Shao-Yi Yu1,Sangryun Lee1,Grace Gu1
University of California, Berkeley1
Shao-Yi Yu1,Sangryun Lee1,Grace Gu1
University of California, Berkeley1
Cellular structures have gained remarkable attention in recent years due to their high strength-to-weight ratio, energy absorption, and heat transfer properties. A key feature of cellular structures employed in modern infrastructure and devices are symmetric configurations with repeating unit cells. This periodic design makes it more feasible to fabricate for various applications. However, this kind of repeating unit cell design often undergoes a sudden and catastrophic failure in the structure since all the unit cells will naturally fail simultaneously at a critical loading condition. In this research, we propose an elegant solution to achieve progressive failure by adjusting the diameter of each strut to create asymmetric cellular structures.
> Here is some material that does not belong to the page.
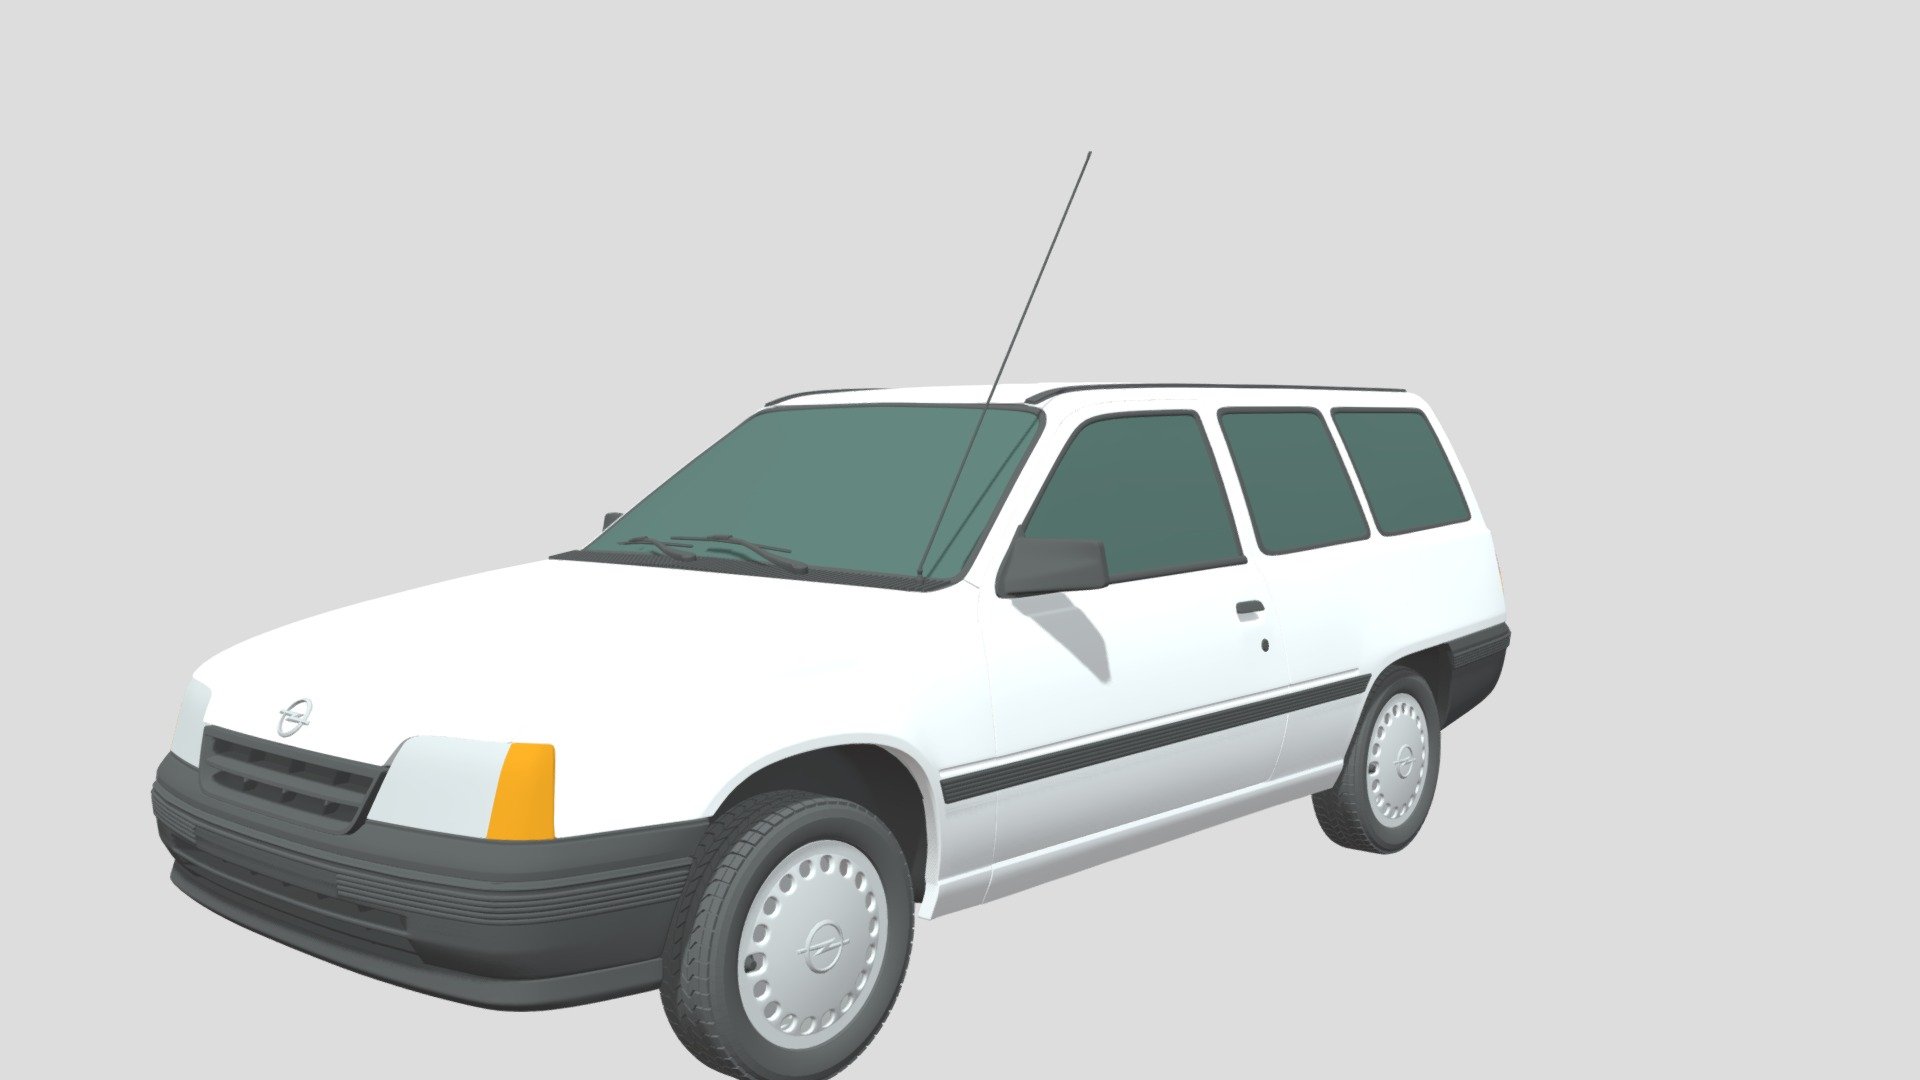 Introducing our stunning photorealistic 3D model of the Opel Kadett E Caravan (3-Doors) (1991) car, a true masterpiece of digital craftsmanship that will elevate your projects to the next level. This meticulously crafted model captures every curve, detail, and essence of a real Opel Kadett E Caravan (3-Doors) (1991) car, providing you with unparalleled realism and versatility for your creative endeavors.

Our photorealistic 3D model of the Opel Kadett E Caravan (3-Doors) (1991) car is a testament to precision and attention to detail. Each contour, from the sleek body lines to the intricacies of the headlights and tail lights, has been painstakingly recreated to mirror the elegance and realism of a genuine Opel Kadett E Caravan (3-Doors) (1991) automobile. Whether you're an automotive designer, a video game developer, or a filmmaker, this 3D model will bring your visions to life with exceptional fidelity 3d model

We develop a simulation-based machine learning framework to achieve materials with extraordinary mechanical properties by properly tuning our design parameters. Additionally, genetic optimization is applied to improve the energy absorption capabilities of structures with a given number of unit cells and relative density. Lastly, our designs are validated using 3D printing and mechanical testing and more progressive failures are observed compared to typical architectures consisting of identical beam elements and gradient structures. This research proposes a novel design model to optimize the mechanical performance of cellular structures without the constraints of symmetry in order to achieve structures with more promising manufacturability and more damage-tolerant failure, greatly broadening the applications of cellular structures.